◆ Instructions to follow:
Please reproduce the listing word for word. Pictures stay out.

[[ Data block open ]]

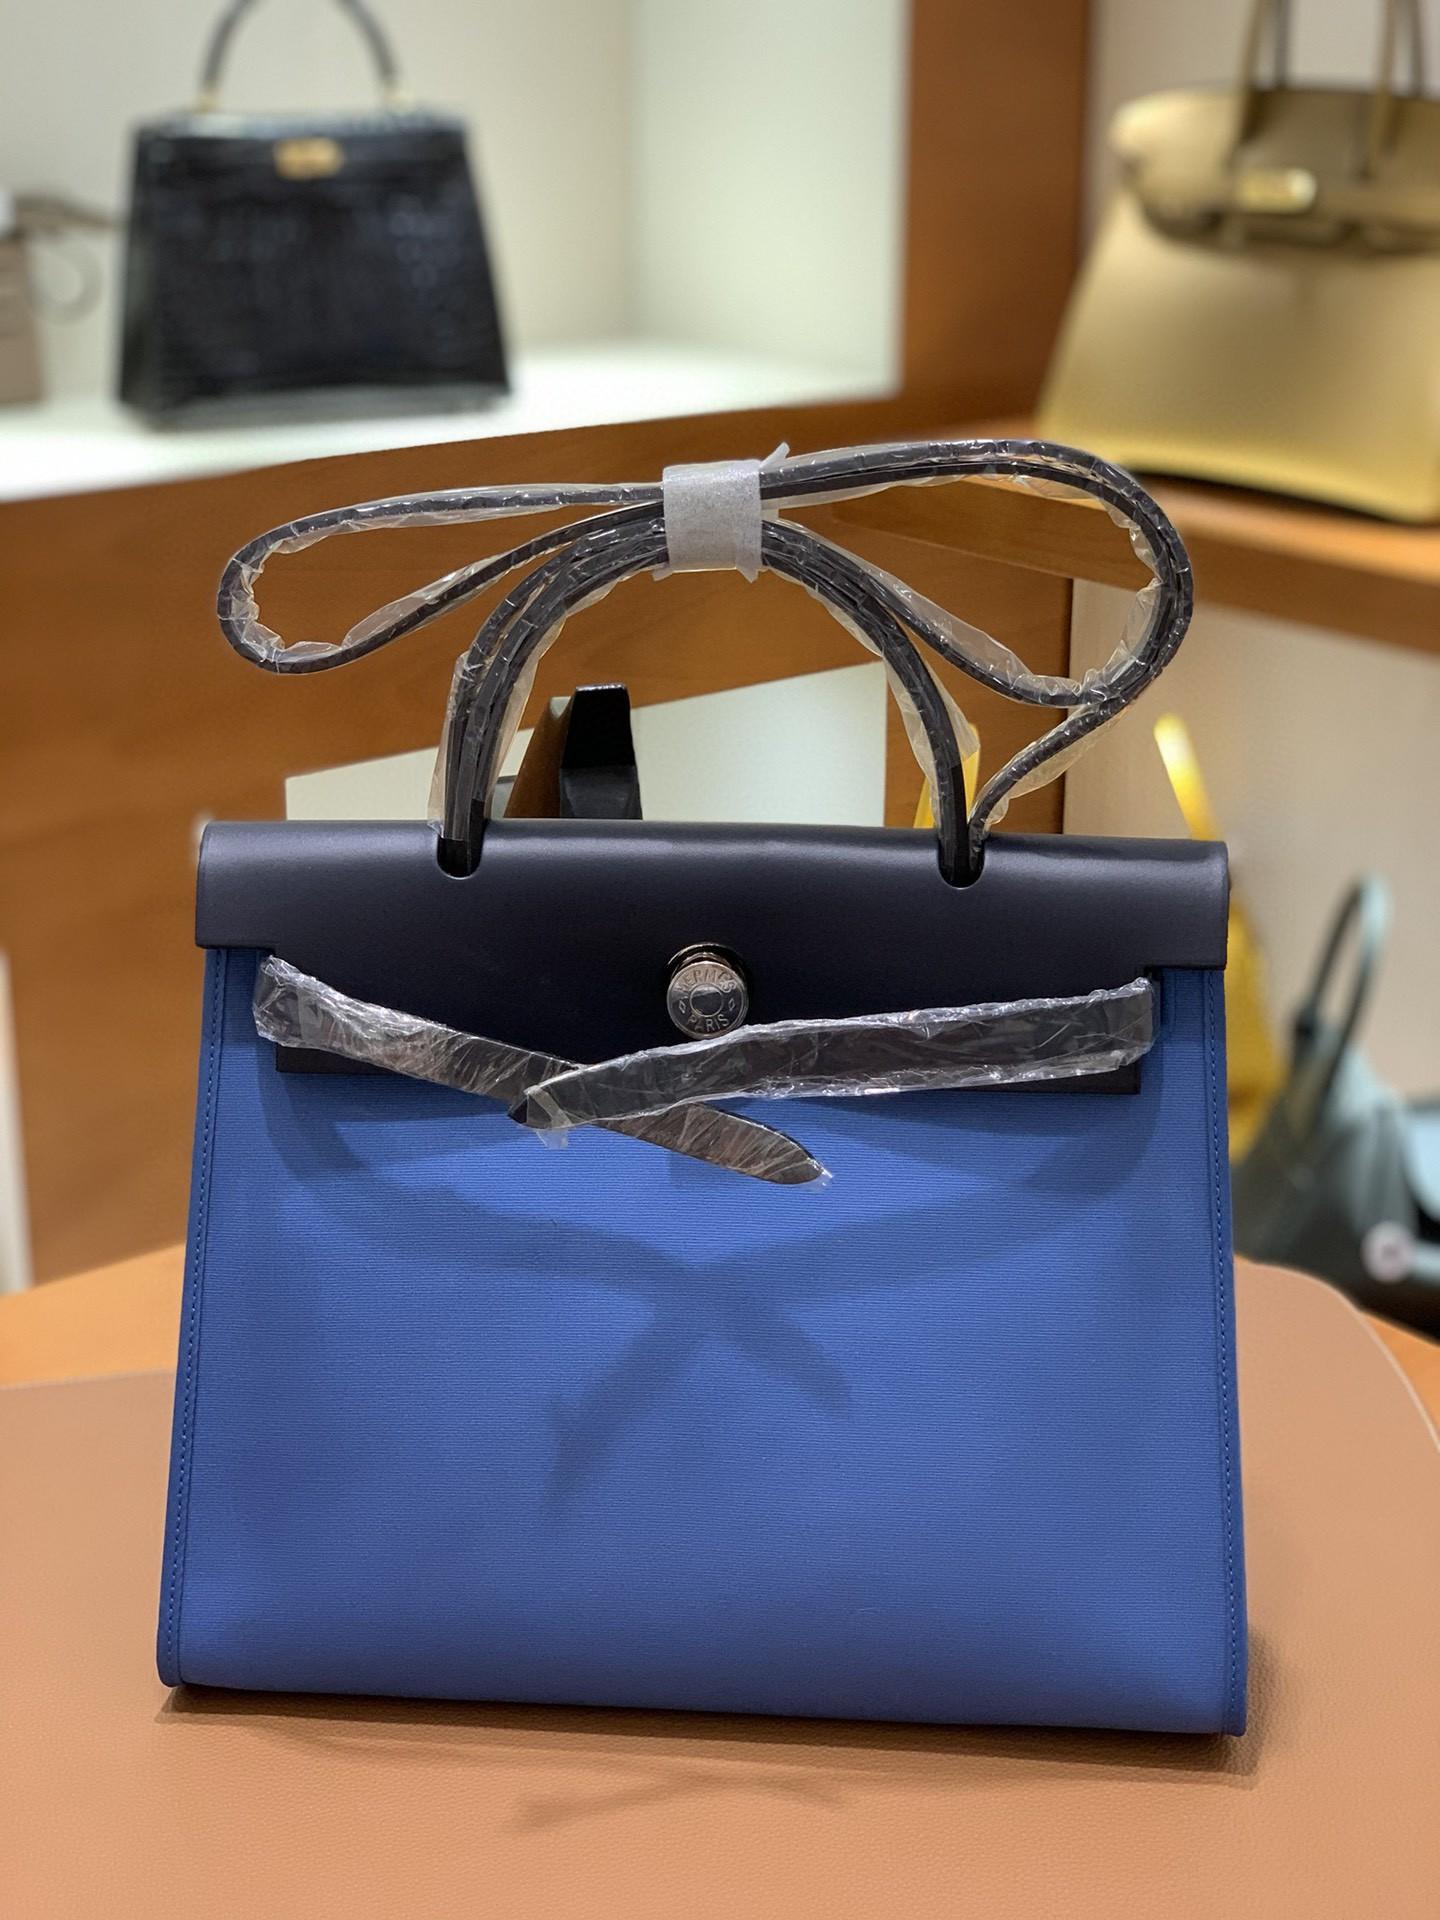 Hermès(爱马仕)Herbag 午夜蓝 玛瑙蓝 Box帆布 银扣 31cm
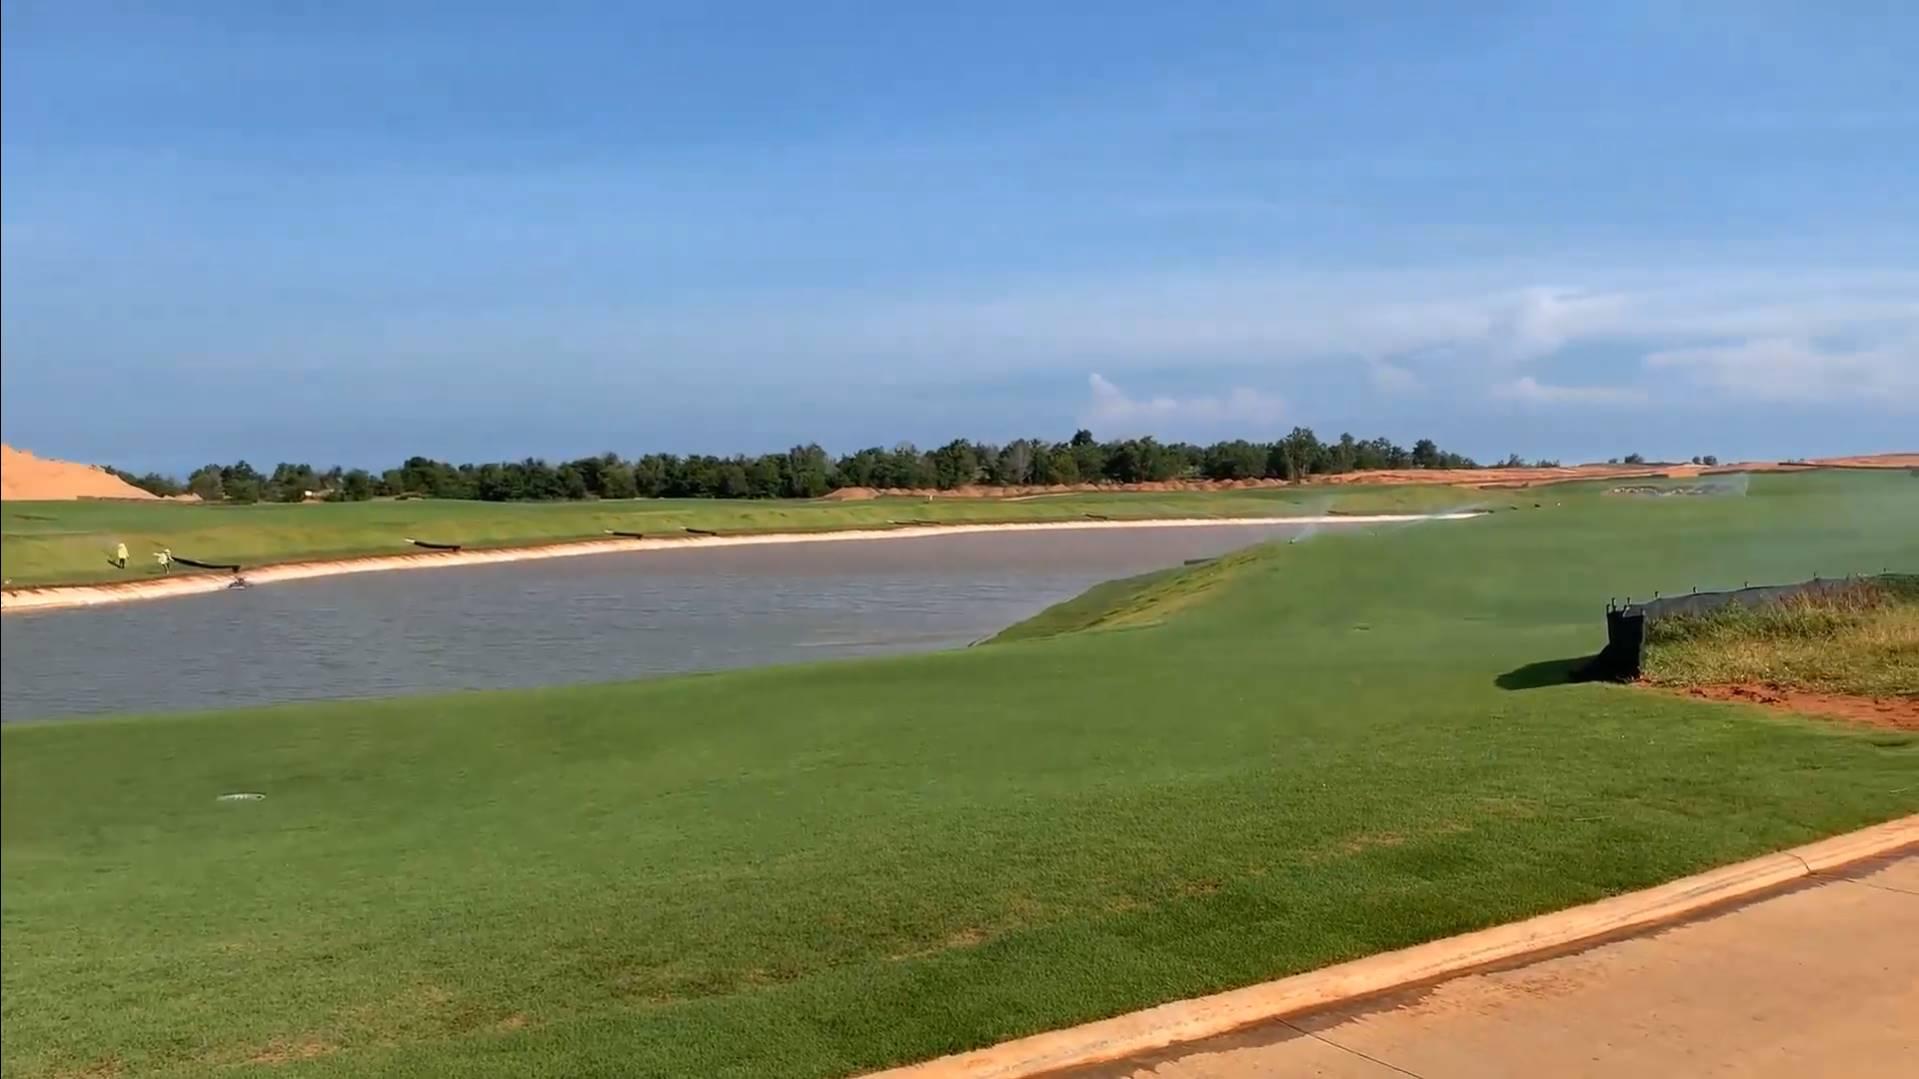 golf-ocean-novaoworld-phan-thiet-hoan-thanh-giai-doan-1
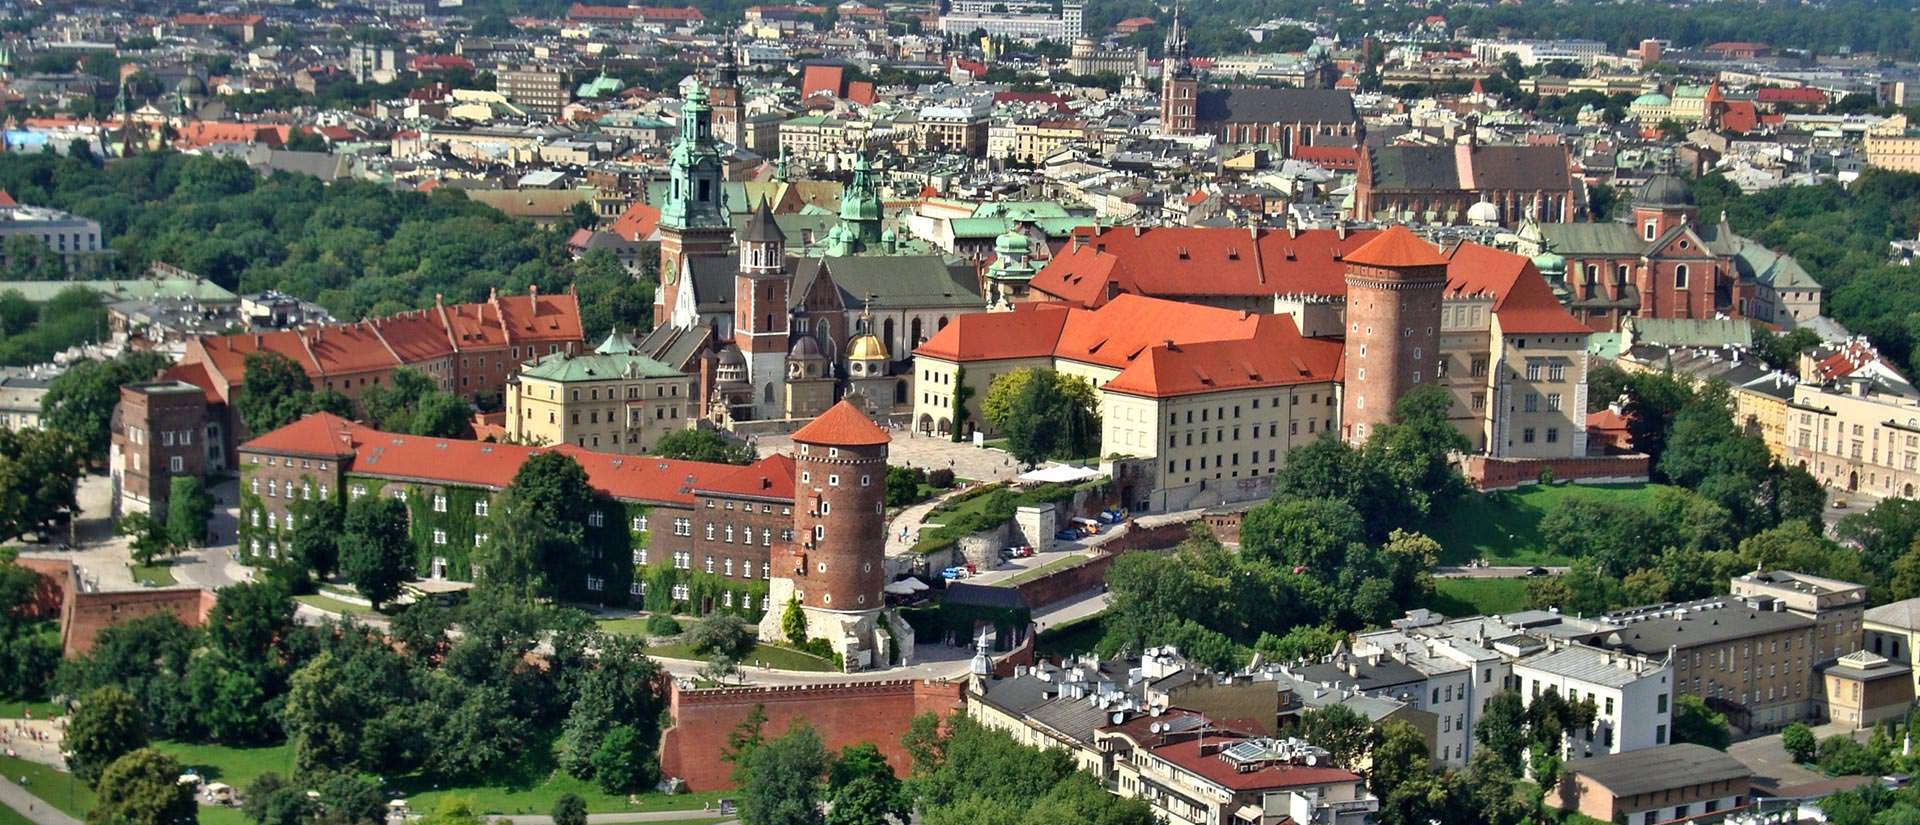 טיול מאורגן לפולין עם החברה הגיאוגרפית
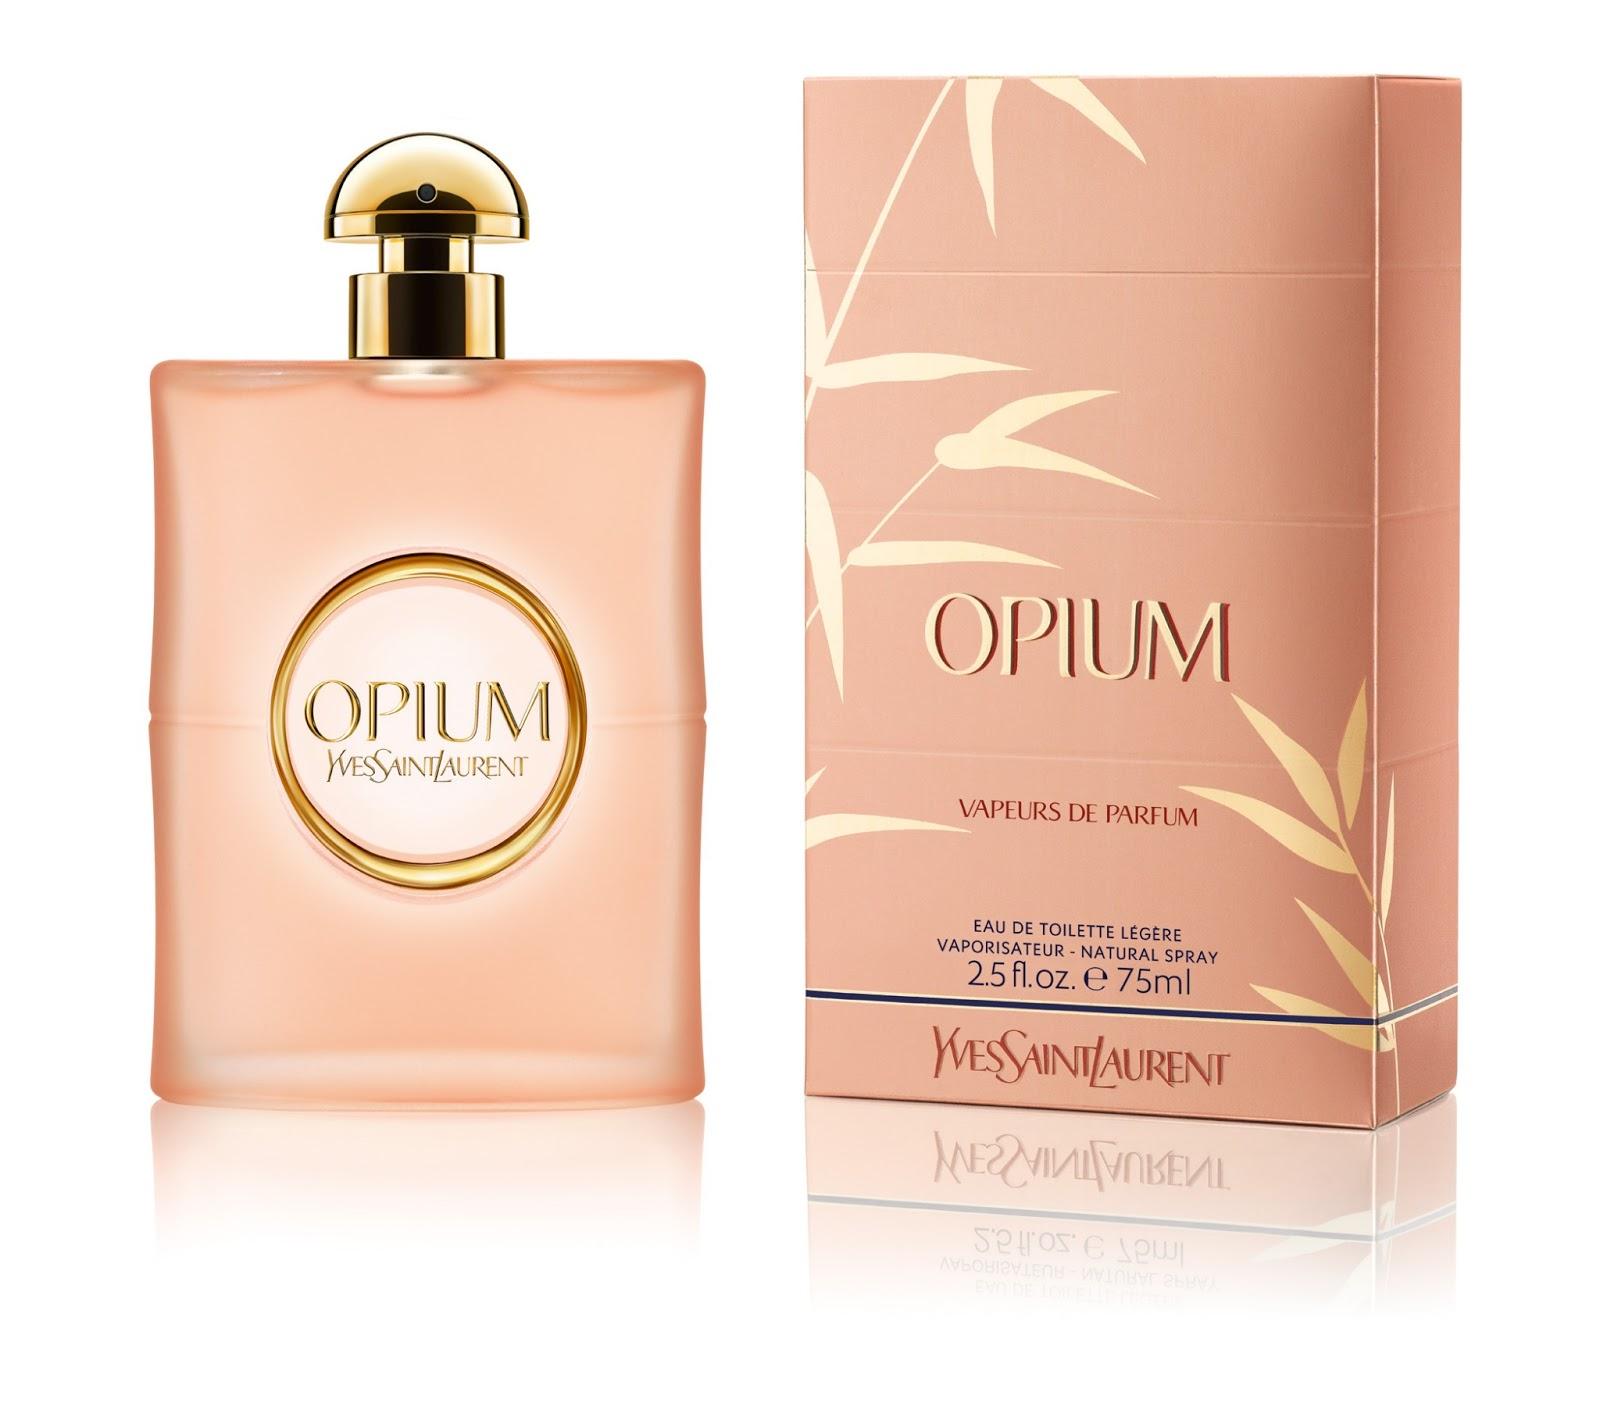 Vapeurs Yves Saint LaurentOpium De Woman1 Indonesia Parfum 3Aj5LR4

[[ Data block closed ]]

◆ Solution to this problem:
 Hermès(爱马仕)Herbag 午夜蓝 玛瑙蓝 Box帆布 银扣 31cm
 golf-ocean-novaoworld-phan-thiet-hoan-thanh-giai-doan-1
 טיול מאורגן לפולין עם החברה הגיאוגרפית
 Vapeurs Yves Saint LaurentOpium De Woman1 Indonesia Parfum 3Aj5LR4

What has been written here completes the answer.